The required output is the line with "jimwhen 2 Pack" through the final line of the entries, each one exactly as it stands.

Material supplied START

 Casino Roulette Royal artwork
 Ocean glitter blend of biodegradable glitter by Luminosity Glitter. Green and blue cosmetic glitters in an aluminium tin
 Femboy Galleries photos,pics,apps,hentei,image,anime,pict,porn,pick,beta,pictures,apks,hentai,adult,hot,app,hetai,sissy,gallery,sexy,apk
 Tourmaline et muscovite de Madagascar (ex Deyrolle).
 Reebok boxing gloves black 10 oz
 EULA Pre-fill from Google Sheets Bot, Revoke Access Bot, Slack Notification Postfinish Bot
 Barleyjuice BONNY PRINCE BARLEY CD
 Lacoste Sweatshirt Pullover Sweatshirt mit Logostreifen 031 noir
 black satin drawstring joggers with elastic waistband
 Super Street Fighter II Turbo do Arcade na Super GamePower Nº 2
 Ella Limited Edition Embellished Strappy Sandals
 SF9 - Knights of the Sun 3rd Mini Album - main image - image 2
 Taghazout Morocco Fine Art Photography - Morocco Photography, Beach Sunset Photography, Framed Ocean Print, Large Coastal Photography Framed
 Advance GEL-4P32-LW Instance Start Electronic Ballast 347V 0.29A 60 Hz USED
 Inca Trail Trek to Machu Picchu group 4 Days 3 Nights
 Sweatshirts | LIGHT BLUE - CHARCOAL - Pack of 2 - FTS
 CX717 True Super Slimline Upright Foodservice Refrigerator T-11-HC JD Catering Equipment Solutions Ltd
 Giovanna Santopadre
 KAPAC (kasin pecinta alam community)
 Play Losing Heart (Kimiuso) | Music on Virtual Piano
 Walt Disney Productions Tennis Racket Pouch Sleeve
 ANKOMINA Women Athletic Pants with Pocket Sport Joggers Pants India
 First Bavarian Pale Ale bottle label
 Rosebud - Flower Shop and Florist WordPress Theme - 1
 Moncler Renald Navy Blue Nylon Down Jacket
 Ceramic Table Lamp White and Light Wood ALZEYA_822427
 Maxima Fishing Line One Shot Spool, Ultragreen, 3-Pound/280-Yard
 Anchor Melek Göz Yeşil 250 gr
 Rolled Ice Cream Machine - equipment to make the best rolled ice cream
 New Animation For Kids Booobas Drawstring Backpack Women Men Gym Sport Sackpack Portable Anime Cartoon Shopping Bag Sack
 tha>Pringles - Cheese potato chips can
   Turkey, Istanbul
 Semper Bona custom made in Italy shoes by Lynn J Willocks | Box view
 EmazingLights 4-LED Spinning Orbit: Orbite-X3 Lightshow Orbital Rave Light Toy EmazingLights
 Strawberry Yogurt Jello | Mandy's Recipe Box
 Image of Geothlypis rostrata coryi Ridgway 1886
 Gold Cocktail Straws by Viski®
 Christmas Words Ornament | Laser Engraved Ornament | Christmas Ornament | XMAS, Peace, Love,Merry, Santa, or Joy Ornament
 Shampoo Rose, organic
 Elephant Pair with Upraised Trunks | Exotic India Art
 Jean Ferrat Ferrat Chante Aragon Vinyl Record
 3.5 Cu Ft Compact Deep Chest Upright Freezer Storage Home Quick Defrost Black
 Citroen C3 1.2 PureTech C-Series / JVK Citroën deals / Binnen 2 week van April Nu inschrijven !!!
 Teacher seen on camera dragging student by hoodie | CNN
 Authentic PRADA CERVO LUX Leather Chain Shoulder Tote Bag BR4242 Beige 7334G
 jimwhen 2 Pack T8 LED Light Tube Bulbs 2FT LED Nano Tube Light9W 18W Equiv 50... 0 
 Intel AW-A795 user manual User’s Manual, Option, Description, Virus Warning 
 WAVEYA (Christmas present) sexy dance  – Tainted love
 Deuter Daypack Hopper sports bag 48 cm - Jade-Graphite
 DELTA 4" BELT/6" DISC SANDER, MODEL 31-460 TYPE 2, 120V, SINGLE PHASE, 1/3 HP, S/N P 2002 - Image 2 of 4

Material supplied END

#### Your solution
 jimwhen 2 Pack T8 LED Light Tube Bulbs 2FT LED Nano Tube Light9W 18W Equiv 50... 0 
 Intel AW-A795 user manual User’s Manual, Option, Description, Virus Warning 
 WAVEYA (Christmas present) sexy dance  – Tainted love
 Deuter Daypack Hopper sports bag 48 cm - Jade-Graphite
 DELTA 4" BELT/6" DISC SANDER, MODEL 31-460 TYPE 2, 120V, SINGLE PHASE, 1/3 HP, S/N P 2002 - Image 2 of 4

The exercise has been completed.